Approaching the Legal Issues

Two of the three Justices who wrote opinions (Iredell and Paterson) mentioned two grounds on which they would affirm the decisions below. The first had to do with the Legislature's apparent "judicial" action in setting aside the disapproval of the will and the second dealt with whether the legislative decision resulted in an ex post facto law. Justice Paterson made the point that it appears that the legislature of Connecticut, throughout its history until 1762, exercised the sole right to grant new trials. However, in 1762 the colonial legislature gave this right also to courts. I spent some time searching the Colonial Connecticut records, a worthwhile endeavor, and found what may have been that 1762 enactment adverted to by Justice Paterson. One act I found provides:

"That for the future no defendant or defendants defaulted as aforesaid shall have liberty to revive any such action unless he or they shall come into court and move for a trial on or before the second day of the sitting of said court and pay down to the adverse party the cost to that time arisen; any law, usage or custom to the contrary notwithstanding" (CCL, vol. 12, p. 8).

What does Paterson infer from such a law? "But the act does not remove or annihilate the preexisting power of the Legislature, in this particular; it only communicates to other authorities a concurrence of jurisdiction, as to the awarding of new trials." If this was the law Paterson was referring to, I think he is in error; indeed the revival of an action seems dependent on coming into court and asking for it--rather than an "either/or" situation of going to the Legislature or the Courts. But, Paterson, as well as Iredell, argued that the Legislature was not abandoning its power; it was just conferring a concurrence of jurisdiction. Paterson mentions that the CT Legislature had, in two instances between 1762 and 1798 exercised their power to award a new trial. Thus, the first ground of decision which the three Justices agreed on (except for Chase) was that the CT Legislature had and could act as a judicial body and thus, the granting of a new trial was within their power. The "uninterrupted flow" of legislative authority supported the notion that they could do the act complained of by the Calders. Justice Iredell notes that such a custom might appear "strange" but concedes that it appears to have been the "uniform, uninterrupted, habit" of the Legislature to exercise a "general superintending power over its courts of law."

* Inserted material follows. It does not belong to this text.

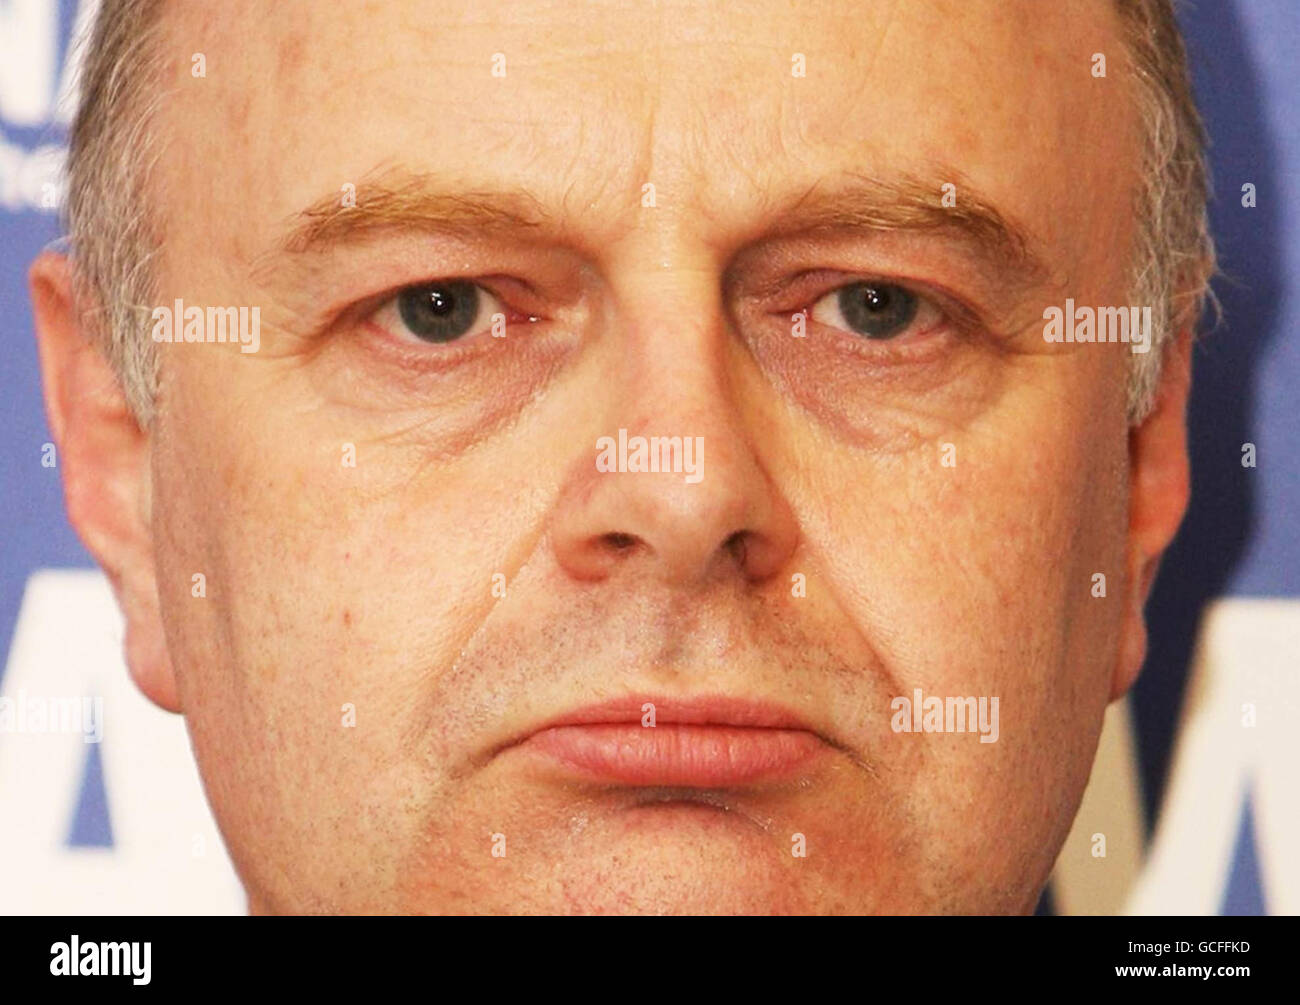 ALTERNATE CROP. Peter Harvey, 50, attends a press conference at City Gate East, Tollhouse Hill, Nottingham after being cleared of attempted murder and causing grevious bodily harm with intent on a pupil. Stock Photo

Let's pause for a second on this one. What would a federal court say today with respect to a state legislature's ability not simply to vacate a court's decision but to, as it were, allow for and even order a new trial? I don't know my law well enough to run through all the possible scenarios regarding this, but it is the first issue to mention in Calder v. Bull, an issue that never is mentioned in law schools or in textbooks, but one that might provoke more interesting legal speculation than the "real issues," to which I now turn.